We’ll use the classic iris dataset. It contains 150
flower measurements from three species.
data(iris)
head(iris)
## Sepal.Length Sepal.Width Petal.Length Petal.Width Species
## 1 5.1 3.5 1.4 0.2 setosa
## 2 4.9 3.0 1.4 0.2 setosa
## 3 4.7 3.2 1.3 0.2 setosa
## 4 4.6 3.1 1.5 0.2 setosa
## 5 5.0 3.6 1.4 0.2 setosa
## 6 5.4 3.9 1.7 0.4 setosa
The variables Sepal.Length, Sepal.Width,
Petal.Length, and Petal.Width will be used for
PCA, while Species is a grouping factor.
We’ll use prcomp() on the four numeric variables and
scale them to equalize variance.
pca_fit <- prcomp(iris[, 1:4], scale. = TRUE)
summary(pca_fit)
## Importance of components:
## PC1 PC2 PC3 PC4
## Standard deviation 1.7084 0.9560 0.38309 0.14393
## Proportion of Variance 0.7296 0.2285 0.03669 0.00518
## Cumulative Proportion 0.7296 0.9581 0.99482 1.00000
The summary shows how much variance is explained by each principal component (PC).
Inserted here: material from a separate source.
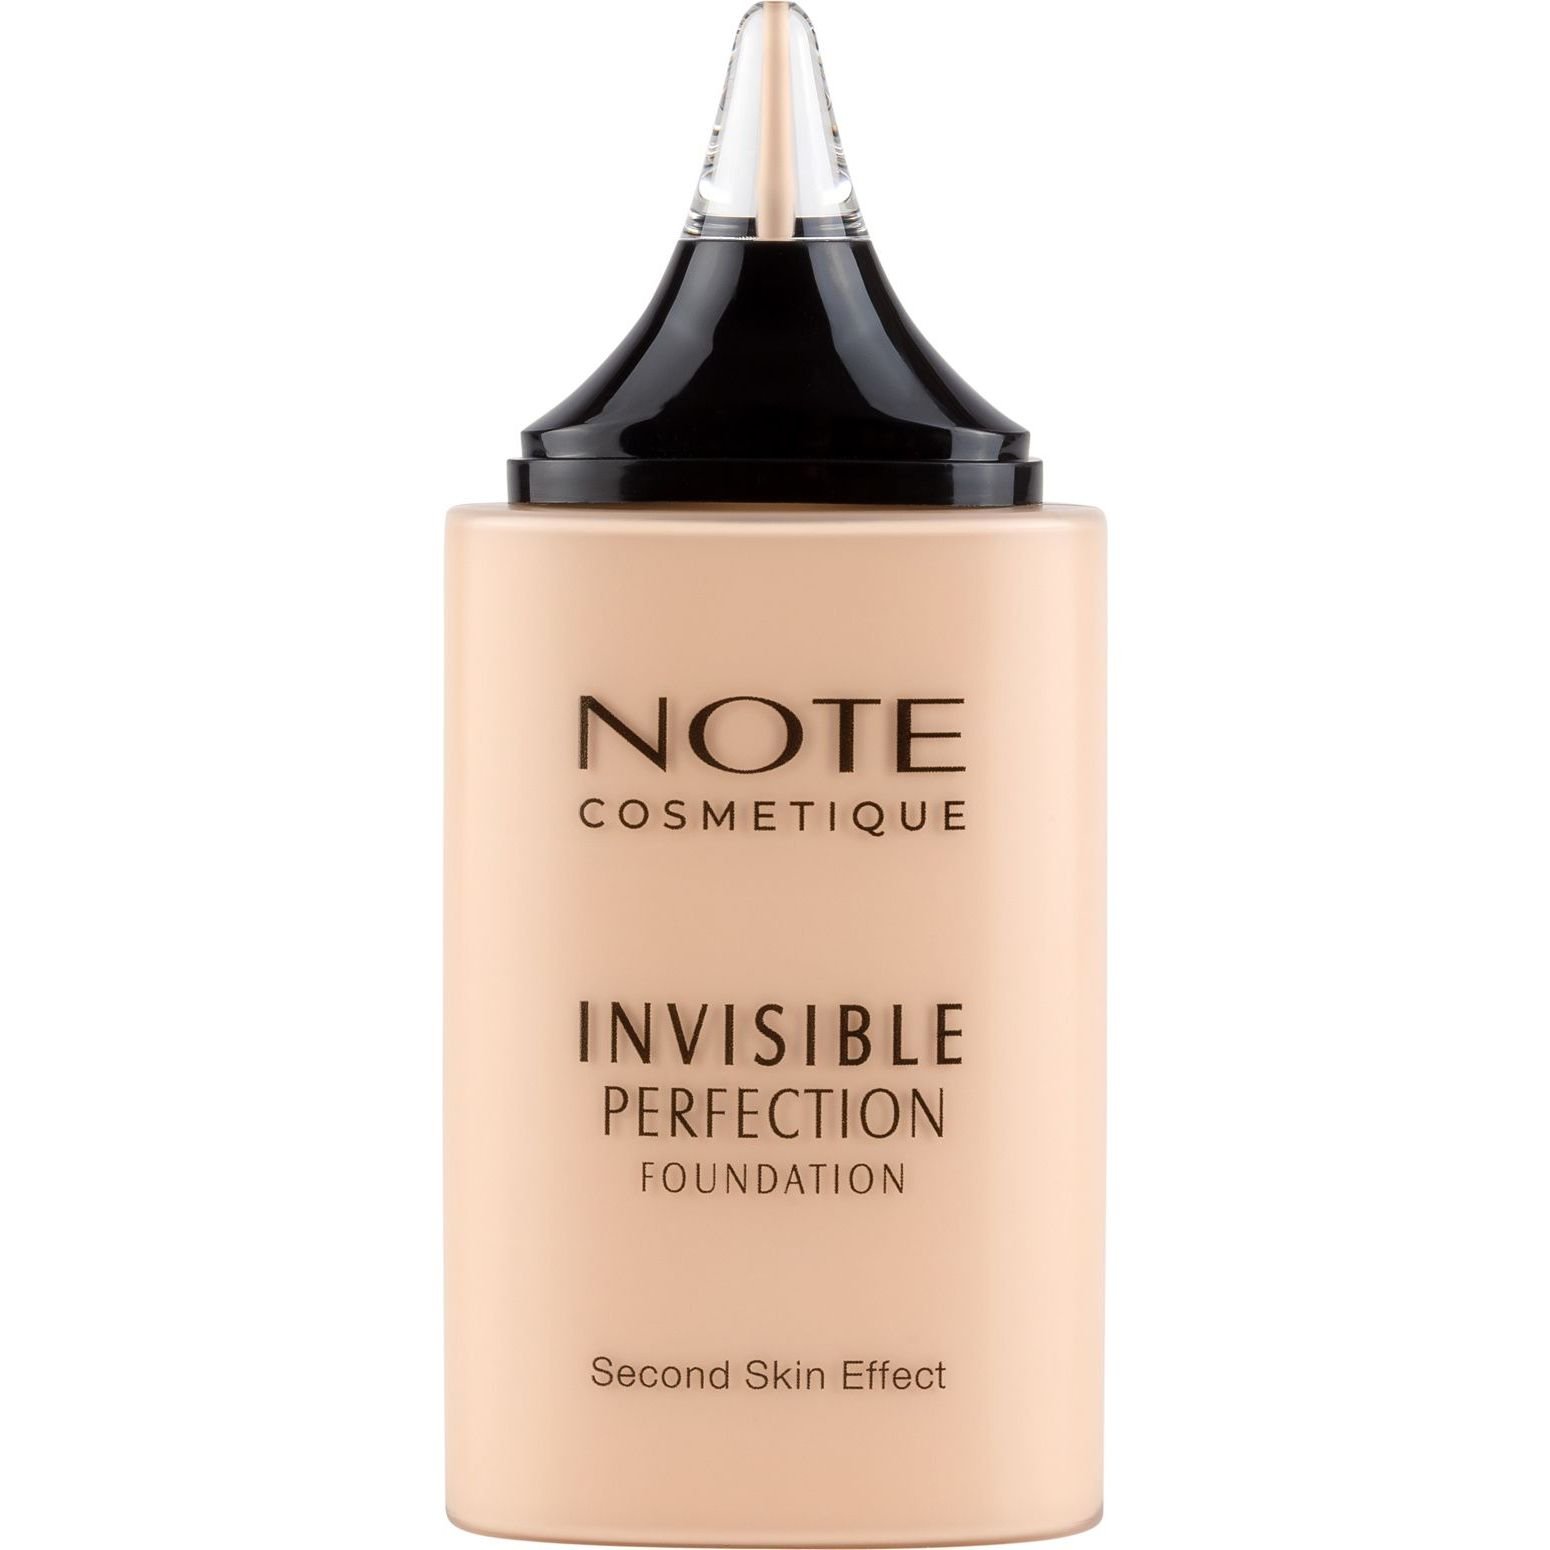 Тональная основа Note Cosmetique Invisible Perfection Foundation тон 120 (Natural Ivory) 35 мл - фото 2

We can plot the first two principal components using base R. Points are colored by species.
species_colors <- c("setosa" = "red", "versicolor" = "green", "virginica" = "blue")
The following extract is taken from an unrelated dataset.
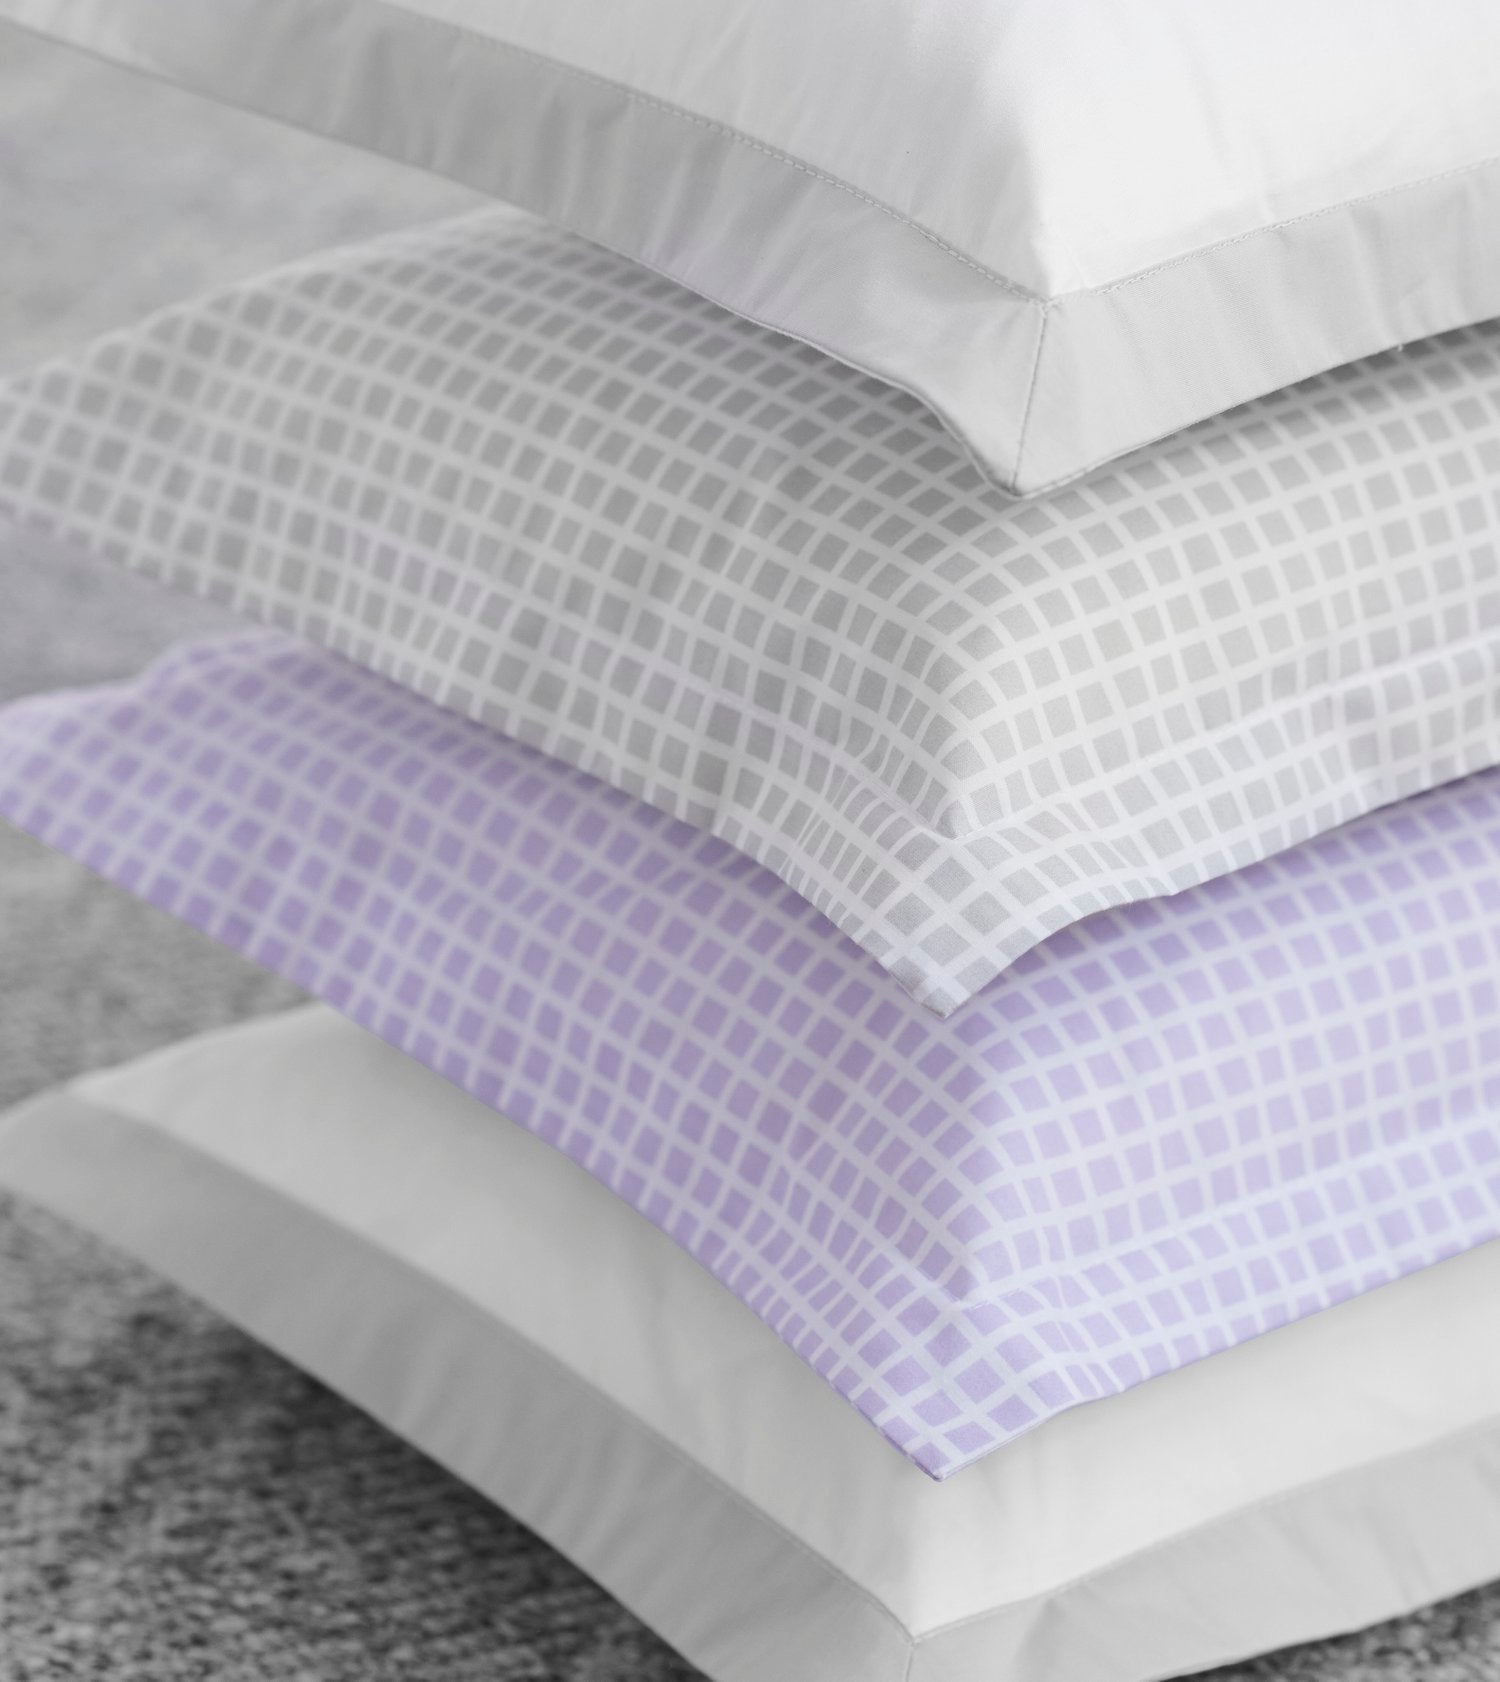 Lucia Bed Linens

plot(pca_fit$x[, 1], pca_fit$x[, 2],
col = species_colors[iris$Species],
pch = 19,
xlab = "PC1",
ylab = "PC2",
main = "Base R PCA Plot: iris dataset")
legend("topright", legend = names(species_colors), col = species_colors, pch = 19)
for (sp in unique(iris$Species)) {
dat <- pca_fit$x[iris$Species == sp, 1:2]
dataEllipse(dat[, 1], dat[, 2],
levels = 0.95,
add = TRUE,
col = species_colors[sp],
lwd = 2)
}
These ellipses represent the regions containing about 95% of points for each species.
Now, let’s use FactoMineR to see which variables contribute most to each principal component.
res_pca <- PCA(iris[, 1:4], graph = FALSE)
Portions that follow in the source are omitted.